Why it broke in 3.7.0–3.7.2#

The 3.7.0 release introduced a new namespaced WCOrderAdapter (part of the modular adapter architecture). The adapter pulled the unit price from the WooCommerce product object ($product->get_price()) instead of from the order line. For Name Your Price-style plugins, the product object still holds the configured base price (often a $1 placeholder), so the percentage was applied to that placeholder.

The visible symptom was dramatic: an 80% split on a $100 customer-chosen-price order would transfer only $0.80 instead of $80. The customer was charged correctly — the gateway saw the real $100 — but Split Pay’s transfer math was based on the wrong unit price.

The 3.7.3 fix#

Both the legacy gateway-webhook code path and the new namespaced WCOrderAdapter now compute the unit price from the WooCommerce order line item:

  • Source: $item->get_subtotal() / max( $item->get_quantity(), 1 )
  • Effect: percentages always apply to what the customer actually paid for that line, regardless of whether the price came from the product’s base price, a Name Your Price override, a deposit override, or a donation amount.

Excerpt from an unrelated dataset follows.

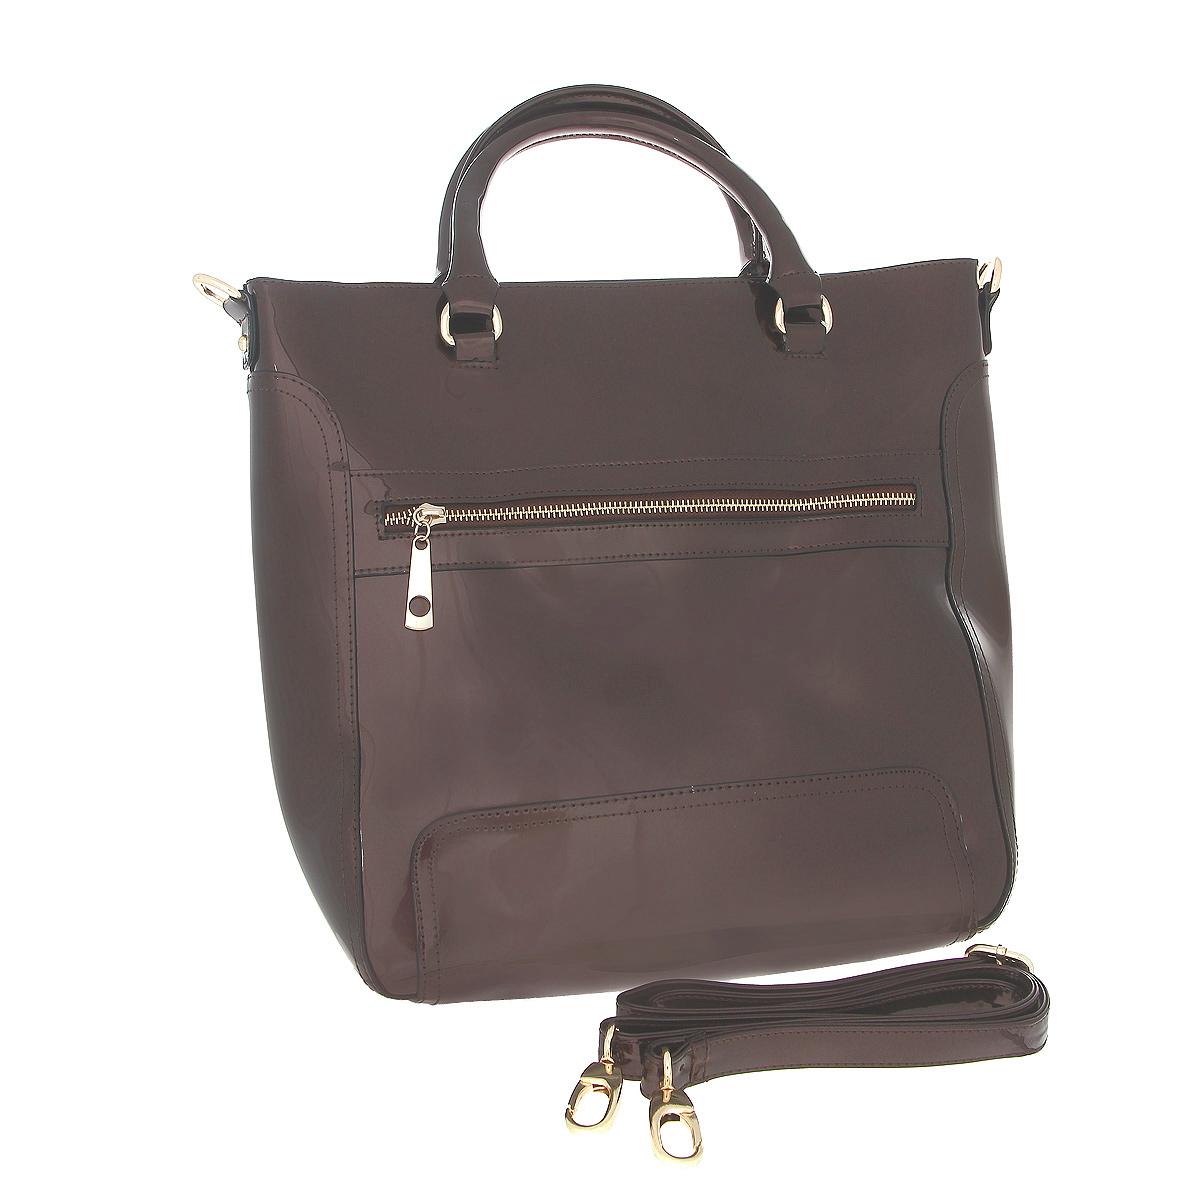 Сумка женская Fancy bag , цвет: коричневый. CM-6066-09CM-6066-09 коричСтильная сумка Fancy Bag выполнена из искусственной лаковой кожи коричневого цвета. Сумка закрывается на застежку-молнию. Имеет одно отделение, содержащее внутри два кармашка на застежке-молнии, два накладных открытых кармашка для мелочей. На задней стороне сумки расположен вшитый карман на молнии. На лицевой стороне небольшой вшитый кармашек. Сумка оснащена двумя ручками, крепящимися при помощи металлических колец и съемным плечевым ремнем. В комплекте чехол для хранения. Этот стильный аксессуар станет изысканным дополнением к вашему образу. Характеристики: Цвет: коричневый. Материал: искусственная кожа, металл, текстиль. Размер сумки: 36 см х 32 см х 12 см. Высота ручек: 12 см. Длина плечевого ремня: 60-120 см. Артикул: CM-6066-09.
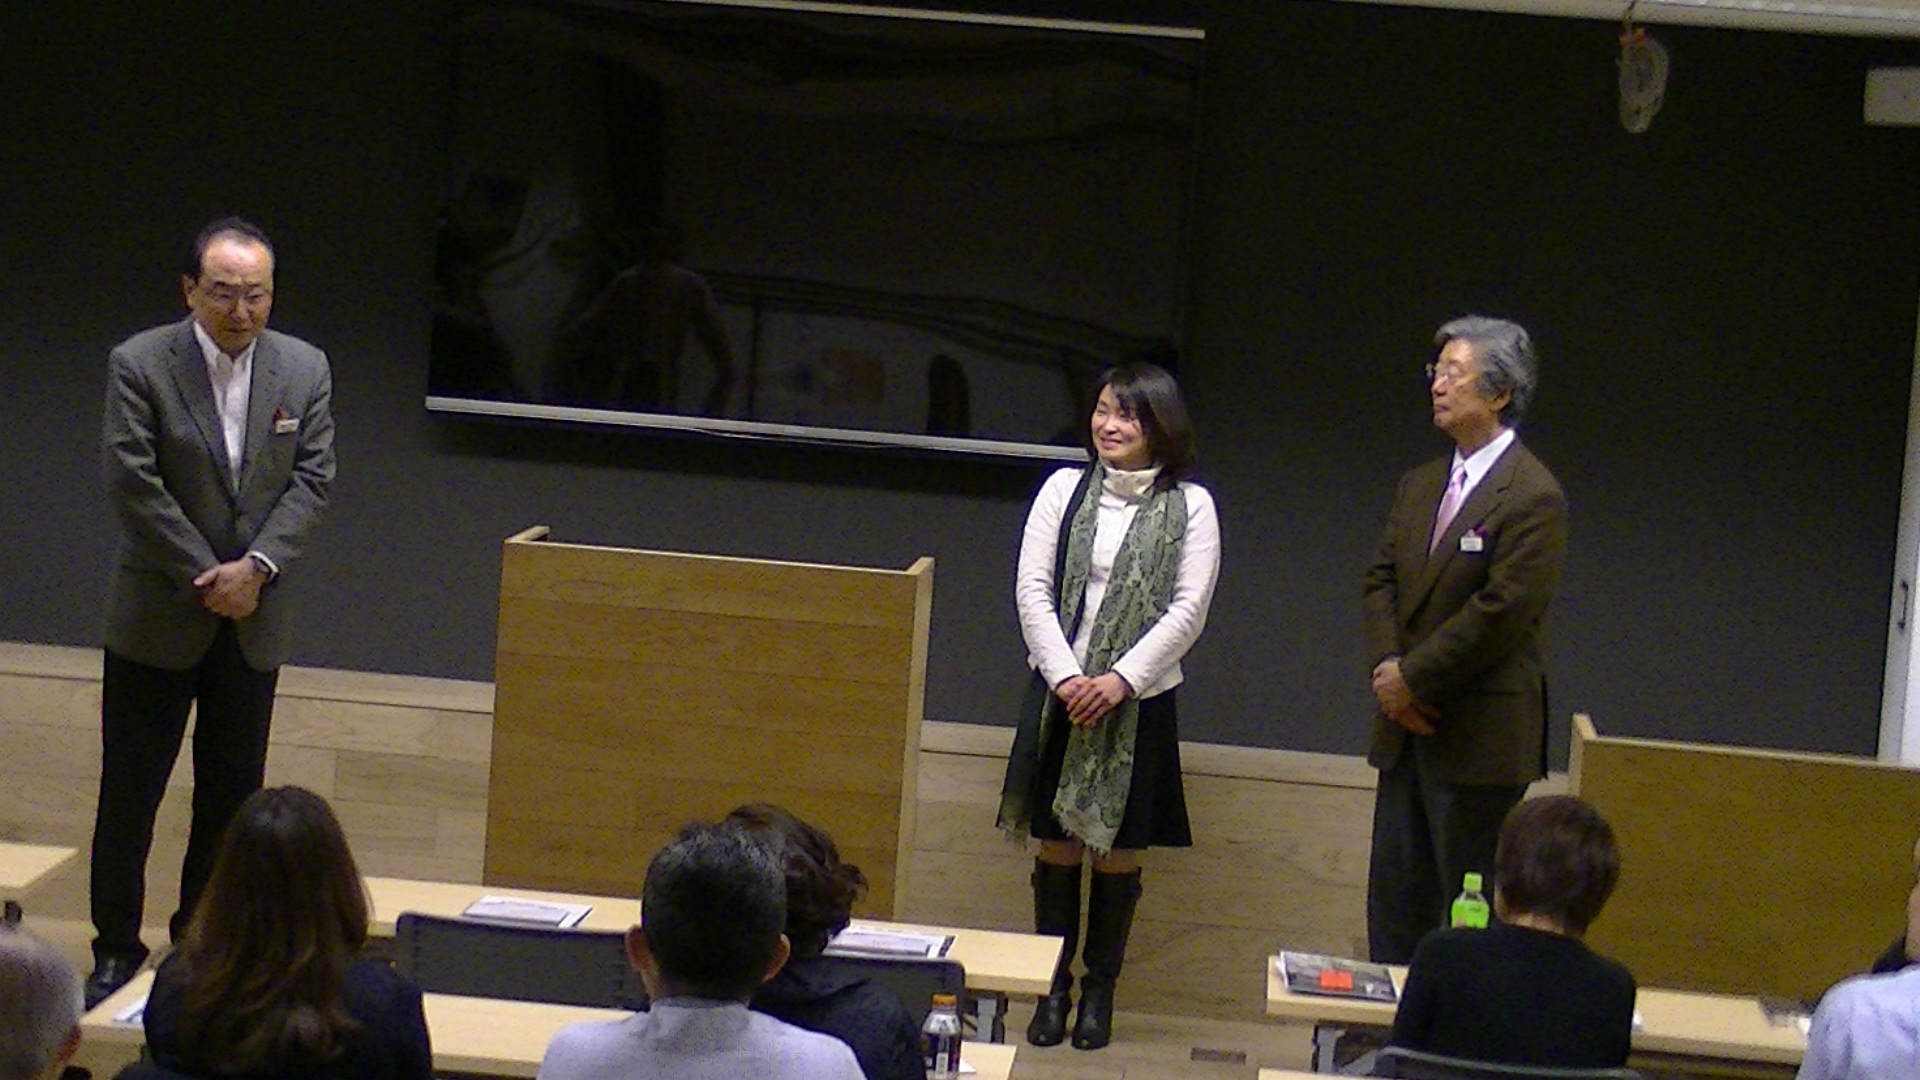 PIC 0536 1 - 平成30年度 東京思風塾 4月7日(土)「時代が問題をつくり、問題が人物をつくる」

A regression test — TransferPercentParsingTest — locks the new behavior so the bug can’t silently return.

Upgrade checklist#

  1. Update Split Pay to 3.7.3 or later (see v3.7.3 changelog).
  2. Place a test order using a Name Your Price product with a chosen price clearly different from the configured base price.
  3. Open the Transfers tab and confirm the transfer amount equals chosen_price × configured_percentage.
  4. If the transfer amount still looks wrong on 3.7.3+, open a support ticket with the order ID, the chosen price, the configured percentage, and the actual transfer amount.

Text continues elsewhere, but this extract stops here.